Script from @biocyberman is great. For those who are still looking for this, here are steps:
1) Get the reference hg38 genome, in uncompressed fasta format (obviously)
2) Get the 'gemtools':
a) SourceForge --> Version 2, pre release
or
b) GitLab --> Version 1.7
3) Create the index of the genome by using following command:
gemtools index -i <referenceGenome.fasta:PATH> -t <NumberOfThreadsToUse:int>
e.g.:
gemtools index -i GRCh38.p12.fasta -t 40
4) Once, the index is made, generate the mappability data like:
gem-mappability -I <referenceGenome_index.gem:PATH> -l <K-mer_length:int> -o <output_name.gem:PATH>
e.g.: For 100 mer, the command will be:
gem-mappability -I GRCh38.p12.gem -l 100 -o GRCh38_mappability_100mer.gem
The complete guide is available at this wiki
What do you mean GEM doesn't have a library for this? That's what
gem-mappability
is for. I just downloaded the binary and it's there.My mistake !! I looked it in binary-pre-release-2, which does not have the binary for mappability but release 3 has it.

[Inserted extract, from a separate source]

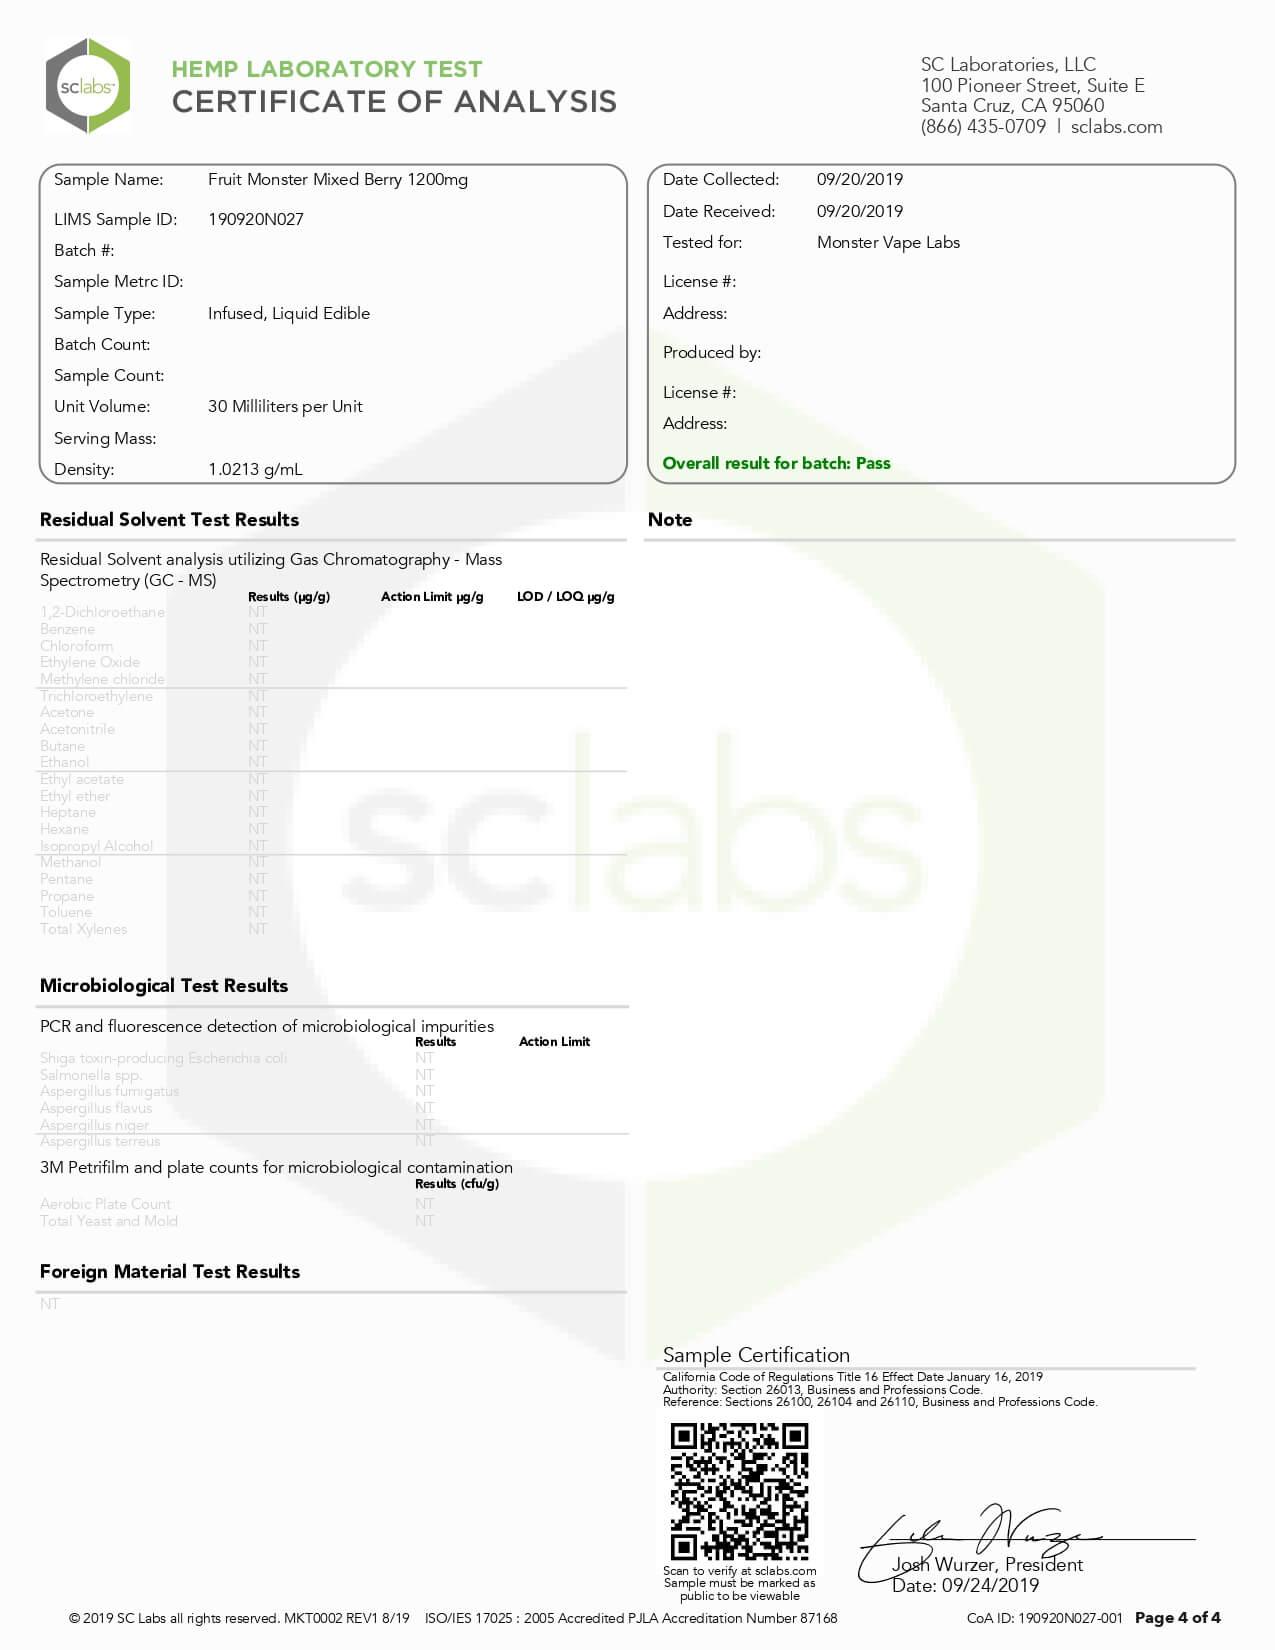 Fruit Monster CBD Vape Mixed Berry 1200mg Lab Report

Thanks !!
As of September 2017 the gem-mappability binary is missing from the GEM build. The note on the GEM wiki dated 2012 states "mappability tools are still in the process of being migrated to the new mapping engine. The mappability will come back online shortly." (wiki for the GEM library). There is also no ENCODE version of the mappability track for hg38. Is my best bet really doing a liftOver on wgEncodeCrgMapabilityAlign100mer.bigWig from hg19 to hg38?
"rn6.softmask.all.fa" is the reference genome file with repetitive regions soft masked.

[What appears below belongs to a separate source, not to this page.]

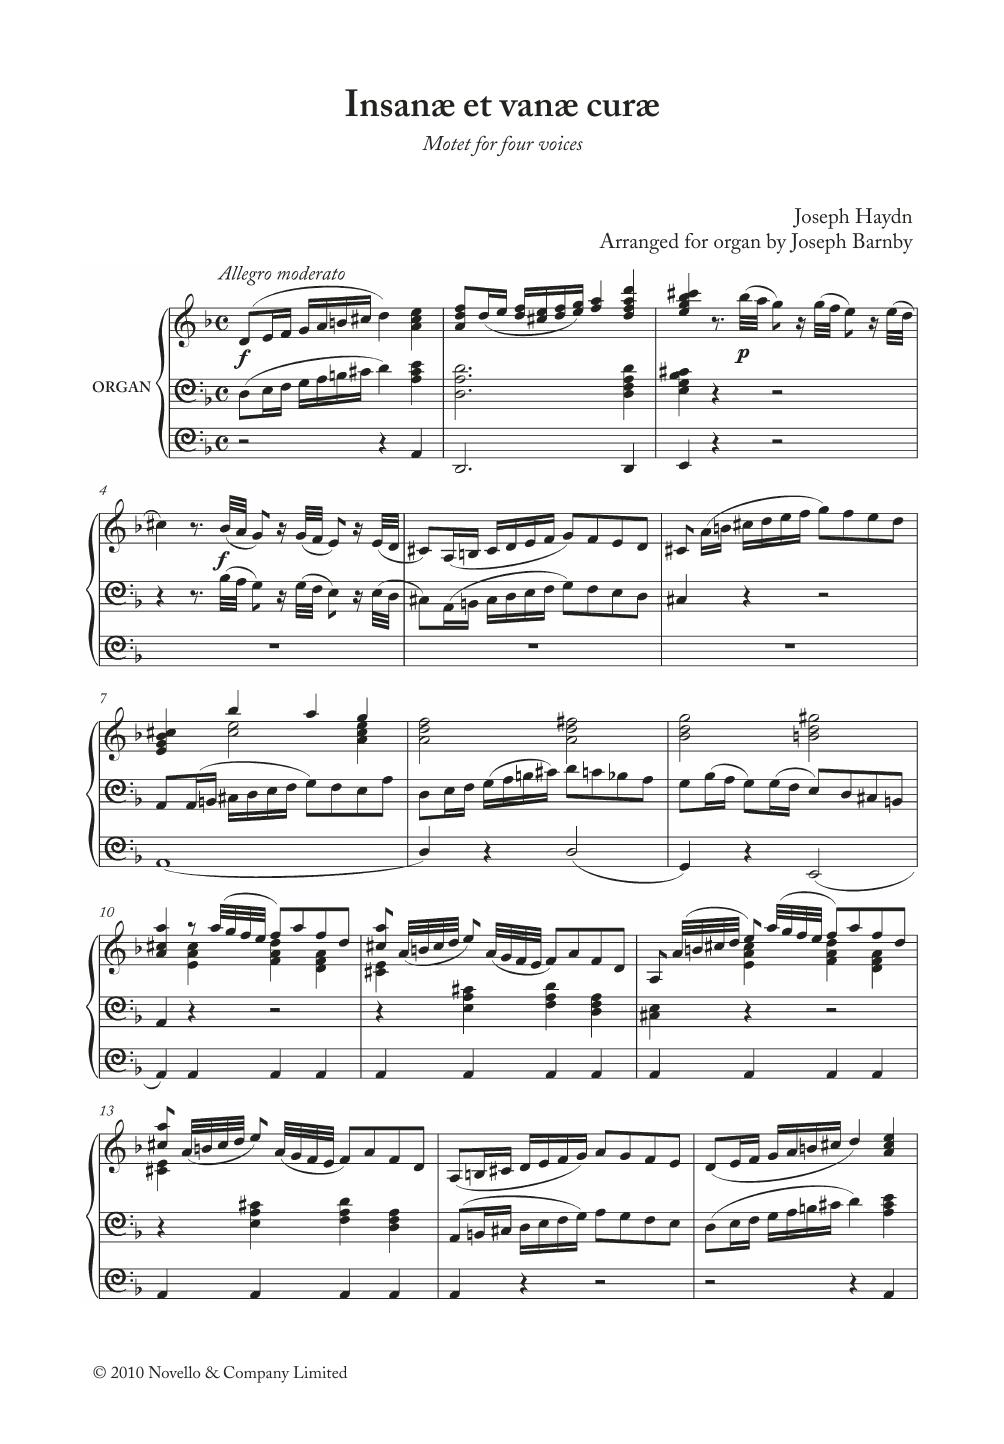 Insanae Et Vanae Curae Sheet Music

many thanks, I understand what the rn6.softmask.all.fa file is. I dont undestand what rn6.softmask.all file is (the line above) Are you saying they are the same thing?
Well, that line is just the declaration of variable named "pref" which is used in code below wherever the file name prefix is required. Simply put, its used to create file name prefix.

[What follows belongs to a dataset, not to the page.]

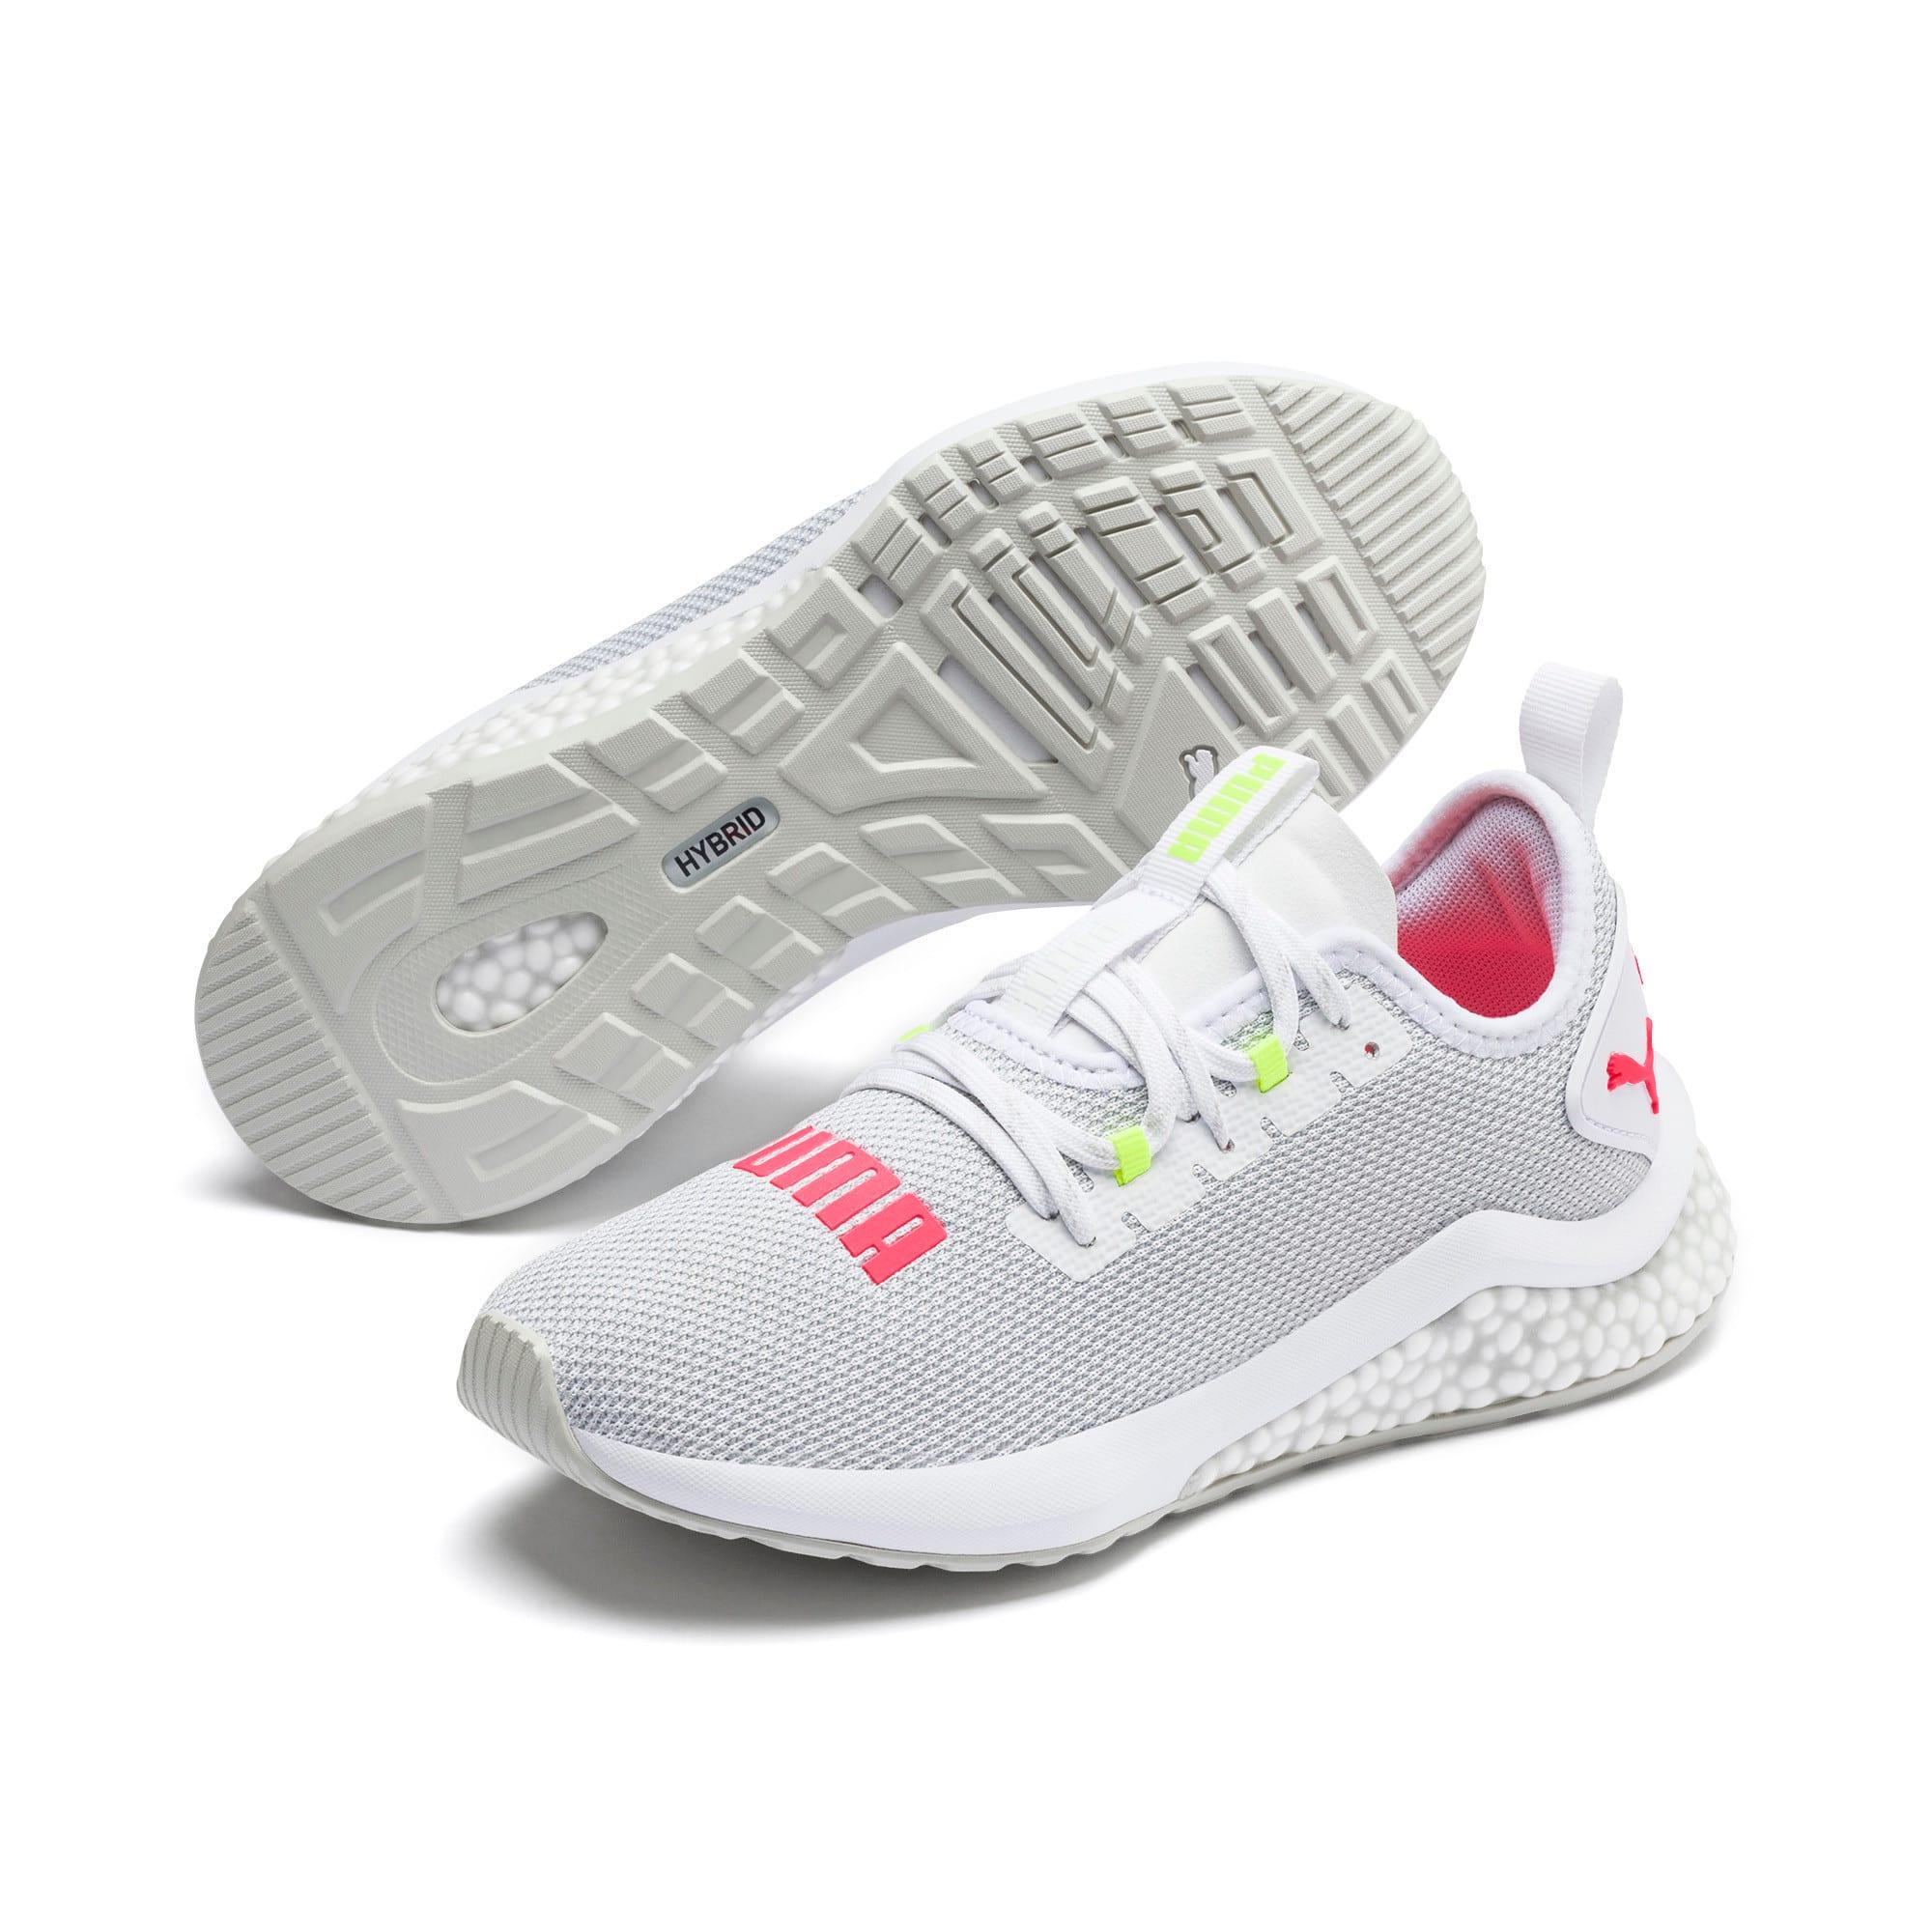 Thumbnail 3 of HYBRID NX Women's Running Shoes, Puma White-Pink Alert, medium

For example, below line will assign variable "idxpref" with value "rn6.softmask.all_index"
idxpref="${pref}_index"
oh! thanks so much! I assumed i was missing an index file of some sort!!
thanks again..
If you are working with UCSC hg19 there are pre-built mappability files from ENCODE available here.
I am running the following code:
gem-indexer -i Homo_sapiens-GRCh38.p13_contigs.fa -o Homo_sapiens-GRCh38.p13_contigs -threads 8
And I am getting this error:
GEM::Error (archive_builder_text.c:180,archive_builder_text_process_character) MultiFASTA parsing (genome/Homo_sapiens-GRCh38.p13/Homo_sapiens-GRCh38.p13_contigs.fa:46604068). Invalid character found ('>')
Any idea how to solve it?
May be Homo_sapiens-GRCh38.p13_contigs.fa file has the ">" as a part of sequence instead of newline. Check the file once.